Peço ajuda ao telecomando para me tirar daquele cenário, peço que me leve para outras realidades que mesmo não sendo reais, ajudam a enganar o pensamento. Qualquer imagem é mais agradável do que aquela que passa a todos os minutos. A cada movimento que o polegar faz para insistentemente trocar de realidade, a imagem parece não se mover. Acho que vi as mesmas imagens nos quatro canais. Ou até nos cinco… Tenho cinquenta canais, mas acho que nenhum me vai fazer mover o pensamento dali. Todos os dias vemos imagens destas, já não nos dizem muito. Os media encarregam-se de tornar isto numa banalidade. Mas não me lembro de uma só imagem de guerra me ter criado tantas sensações distintas ao mesmo tempo. Não sei de quem é a culpa disto tudo, aposto que até é de todos. Mesmo todos. Não só daqueles que estão lá. Nossa também. Porque deixamos as coisas andar, nunca é nada connosco… Está longe… Até ao dia que estiver perto. Aí sim, vamos fazer cordões humanos e vamos fazer minutos de memória… Mas por enquanto, deixem-se estar aí no cantinho que nós não nos incomodamos. Aposto que para muitos de nós, a solução era “mandar bombas”, porque esses gajos “são todos iguais”, já “nascem a fazer bombas”. Claro que só o fazem porque lhes apetece. Simplesmente lhes apetece estourar com meia dúzia de coisas. É divertido. Ou então ninguém pensou porque é que o fazem… Partimos todos do princípio que “é assim a natureza deles” e pronto, tudo fica bem, do alto de toda a nossa sapiência. Um dia destes, junta-se um grupo de “artistas” invadidos por um espírito de solidariedade que curiosamente, apareceu na melhor altura e cria um single a dizer que a guerra é feia. E vamos todos ouvir, emocionados. Ou então, um dia destes, vamos todos pensar nas razões de tudo isto… Que dizem?

Luís Peixoto, the Scottish

Posted by Scottish at 16:27:06 | Permalink | No Comments »

Wednesday, July 26, 2006

É Verão

Há uns meses atrás escrevia aqui neste blog toda a minha impaciência e avidez em relação à chegada do Verão. E diga-se, finalmente ele chegou. Chegou a praia, a piscina, o Gerês, as esplanadas ao fim da tarde, à noite, ao fim da noite, os jogos de futebol a qualquer hora, o céu azul, a brisa de fim de tarde.

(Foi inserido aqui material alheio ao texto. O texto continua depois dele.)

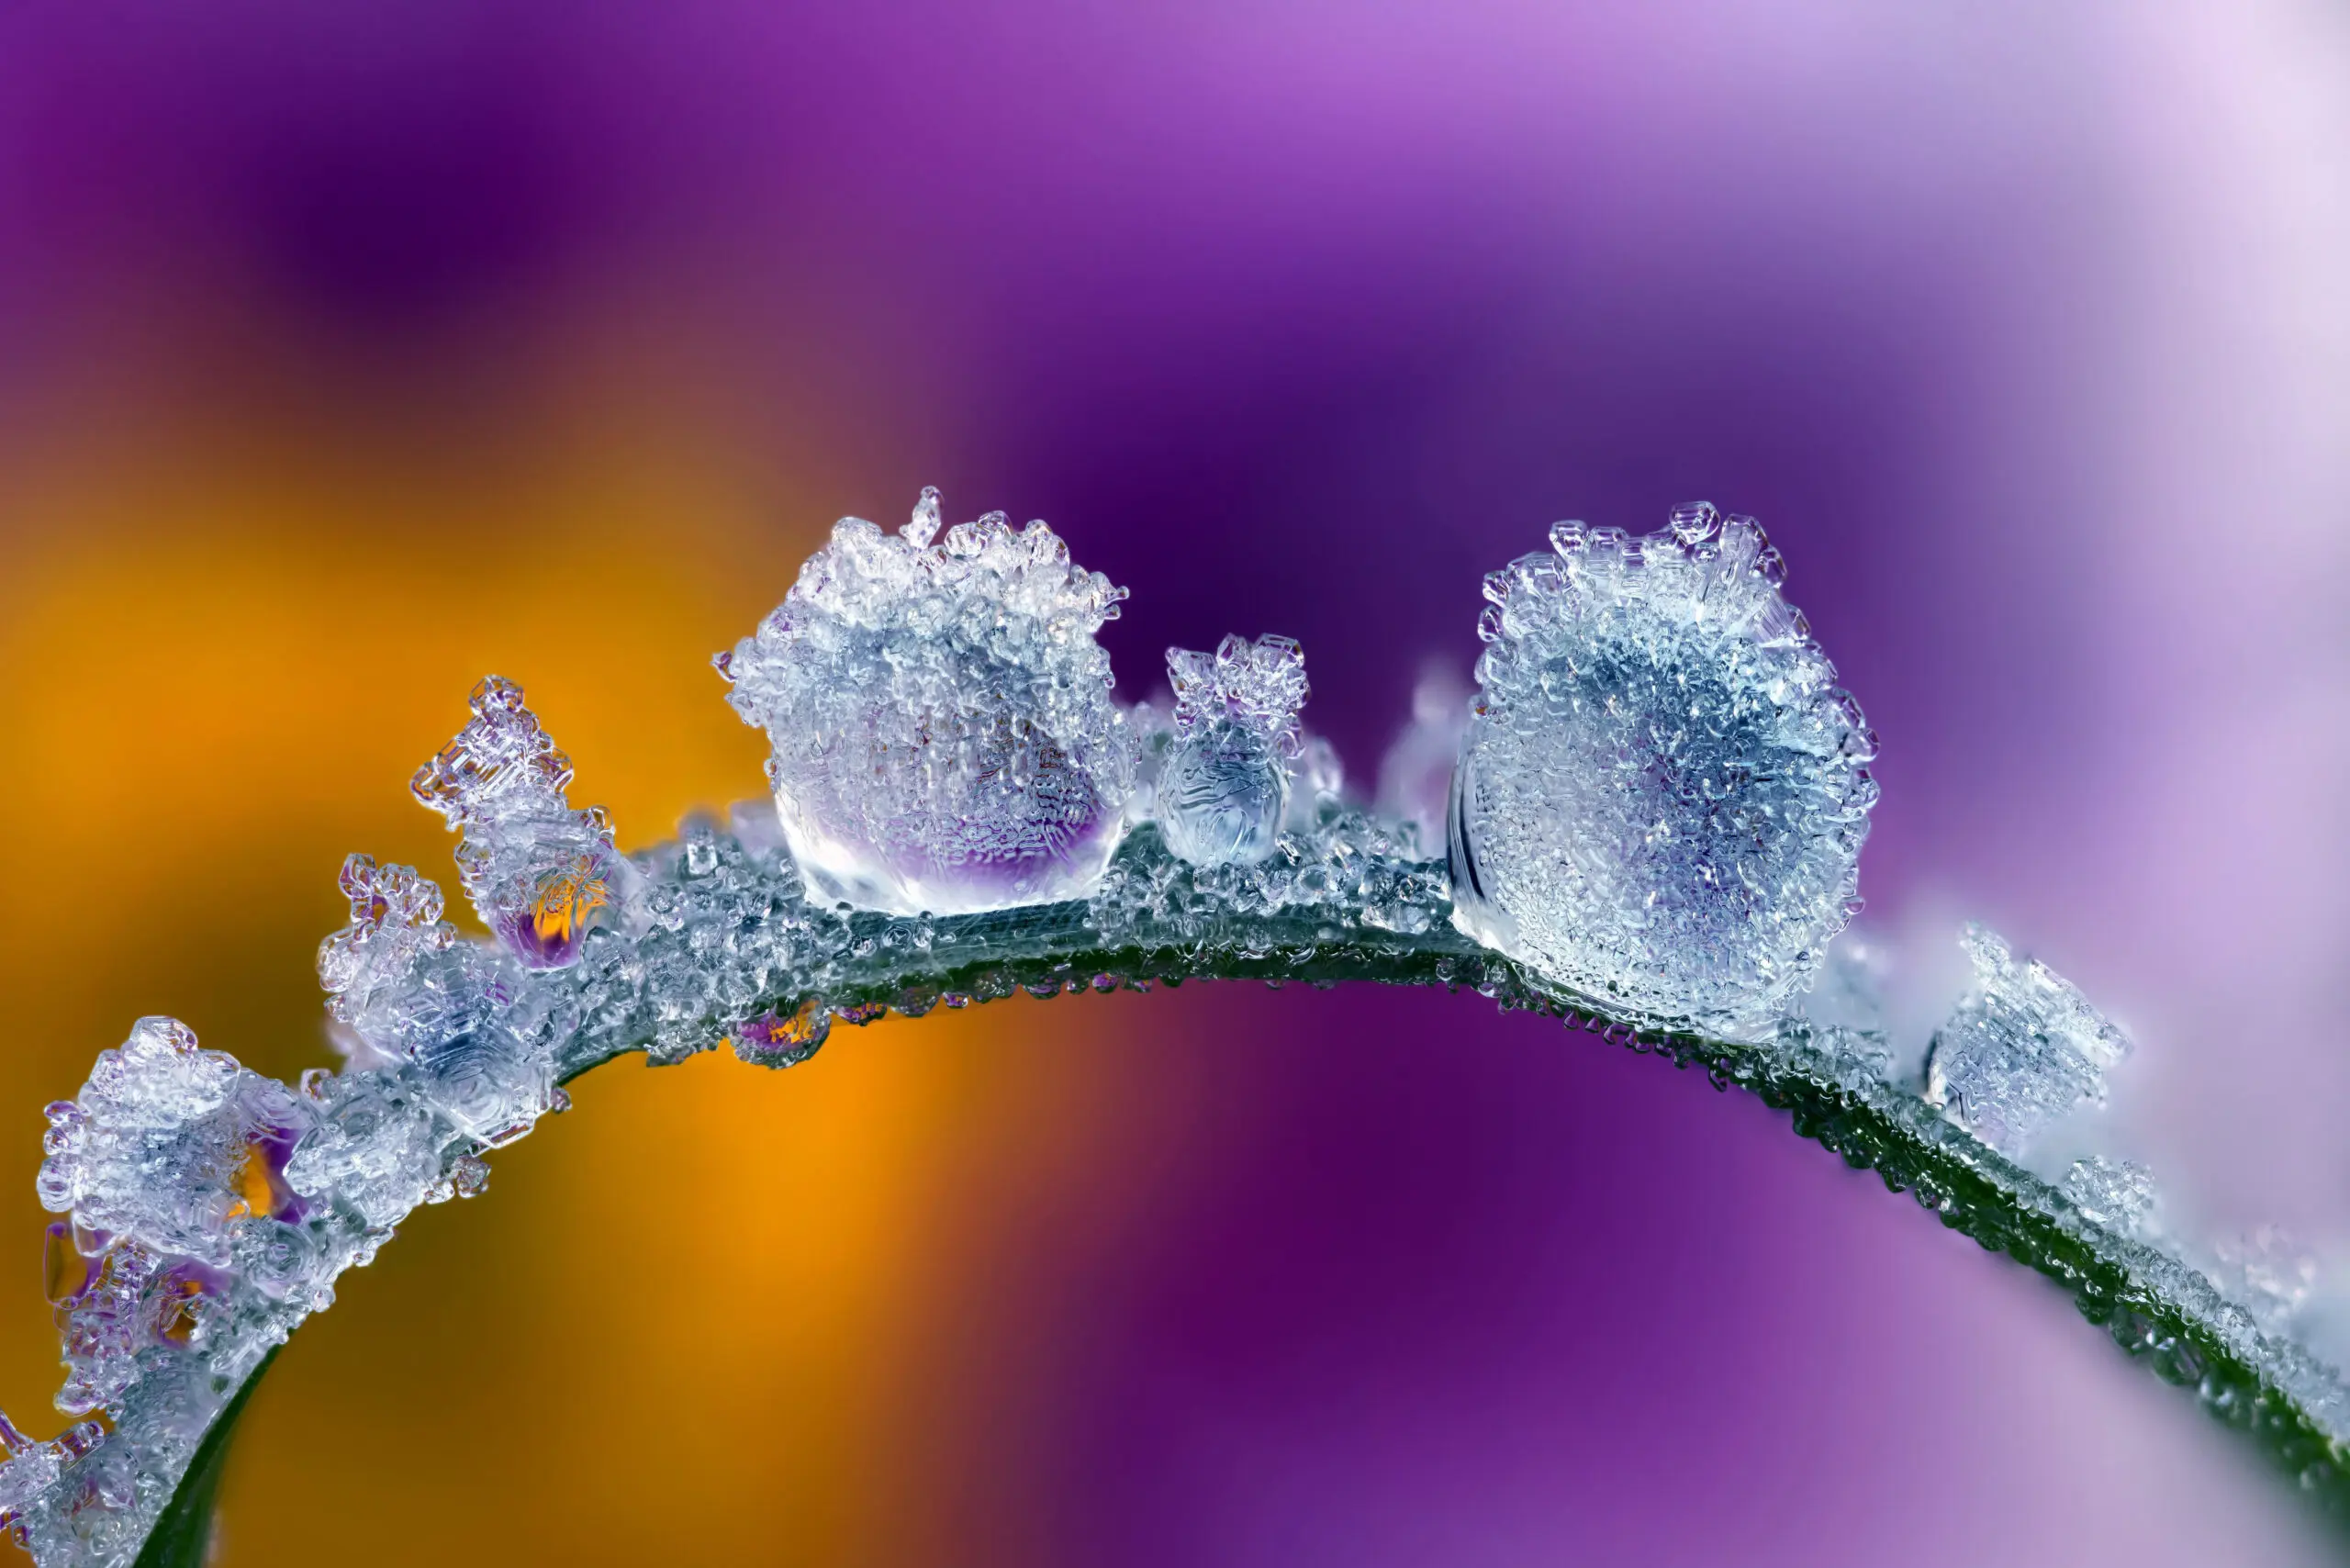 Wandbild (5444) Frozen by picture alliance / MAXPPP präsentiert: Details und Strukturen,Natur,Pflanzen

Mas com isso também chegou muita outra coisa. Para além do calor, chegou a ausência de planos, de locais para saír, de ideias… Hoje é um daqueles dias em que nada e tudo parece agradar. A Internet parece demasiado pequena, não sei por onde mais navegar. A televisão, essa, sabe quando não temos nada que fazer e adora passar programas desprovidos de qualquer interesse. Aposto que se amanhã tivesse algum exame, estaria neste momento a passar no Odisseia um interessantíssimo documentário sobre a vida da formiga e as suas magníficas formas de transportar alimentos. Ou então estaria a dar um especial sobre a cultura desse nobre país que é o Butão. Mas hoje não. Hoje a televisão não agrada, a Internet é pequena, o Messenger está vazio. Parece que do nada, todas as pessoas que conheço decidiram ir dar um passeio à Lua e só voltam mais logo. Entre milhares de músicas, não encontro mais do que meia dúzia que consiga ouvir. Ler? Se amanhã tivesse exame, teria todo o gosto em ler qualquer livro que tivesse ganho o Prémio Revelação Literária da República do Suriname. Mas hoje não me apetece. Tenho demasiado espaço vazio à frente para pensar em leituras. Até via um filme. Mas não me apetece alugar. Até ia ao cinema. Mas não me apetece gastar dinheiro. Até fazia qualquer coisa… Mas não me apetece. Neste momento, só me apetece uma coisa. Encostar numa confortável cadeira de uma qualquer esplanada à beira-mar, com uma qualquer bebida e com uma qualquer companhia. Ou então sozinho. Também se estaria bem…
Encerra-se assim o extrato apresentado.